_Material for the task_.
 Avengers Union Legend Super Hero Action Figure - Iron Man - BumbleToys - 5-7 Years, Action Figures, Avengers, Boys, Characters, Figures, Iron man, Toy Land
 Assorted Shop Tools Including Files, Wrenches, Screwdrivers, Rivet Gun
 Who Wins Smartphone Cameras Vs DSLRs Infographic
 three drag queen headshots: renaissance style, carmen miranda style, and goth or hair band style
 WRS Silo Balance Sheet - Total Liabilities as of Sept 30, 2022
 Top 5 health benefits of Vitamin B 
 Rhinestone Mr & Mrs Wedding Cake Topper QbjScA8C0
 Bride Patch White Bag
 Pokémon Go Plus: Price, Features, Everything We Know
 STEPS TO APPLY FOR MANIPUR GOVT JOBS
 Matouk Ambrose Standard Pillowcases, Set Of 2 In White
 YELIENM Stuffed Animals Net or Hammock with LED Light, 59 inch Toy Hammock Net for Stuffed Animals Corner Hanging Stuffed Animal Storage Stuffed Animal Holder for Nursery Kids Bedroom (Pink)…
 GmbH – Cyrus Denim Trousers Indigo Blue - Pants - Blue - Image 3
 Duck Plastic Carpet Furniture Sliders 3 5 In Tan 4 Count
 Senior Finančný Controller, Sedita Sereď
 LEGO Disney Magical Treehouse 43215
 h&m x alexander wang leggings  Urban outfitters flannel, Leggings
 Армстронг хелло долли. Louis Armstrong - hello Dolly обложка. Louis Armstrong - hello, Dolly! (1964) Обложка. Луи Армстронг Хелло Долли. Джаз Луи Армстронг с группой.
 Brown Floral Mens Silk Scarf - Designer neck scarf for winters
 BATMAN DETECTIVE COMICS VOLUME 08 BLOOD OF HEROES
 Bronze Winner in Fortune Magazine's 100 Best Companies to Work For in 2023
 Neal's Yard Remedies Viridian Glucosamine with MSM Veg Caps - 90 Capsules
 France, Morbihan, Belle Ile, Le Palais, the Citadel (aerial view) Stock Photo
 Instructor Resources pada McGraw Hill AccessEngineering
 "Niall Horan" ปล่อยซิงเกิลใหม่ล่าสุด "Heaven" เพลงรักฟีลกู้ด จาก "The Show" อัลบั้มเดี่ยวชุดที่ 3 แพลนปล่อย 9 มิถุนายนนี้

_Problem details_.
Only the number should be given: how many lines in the entries above contain the string "with"?

_Solution_.
2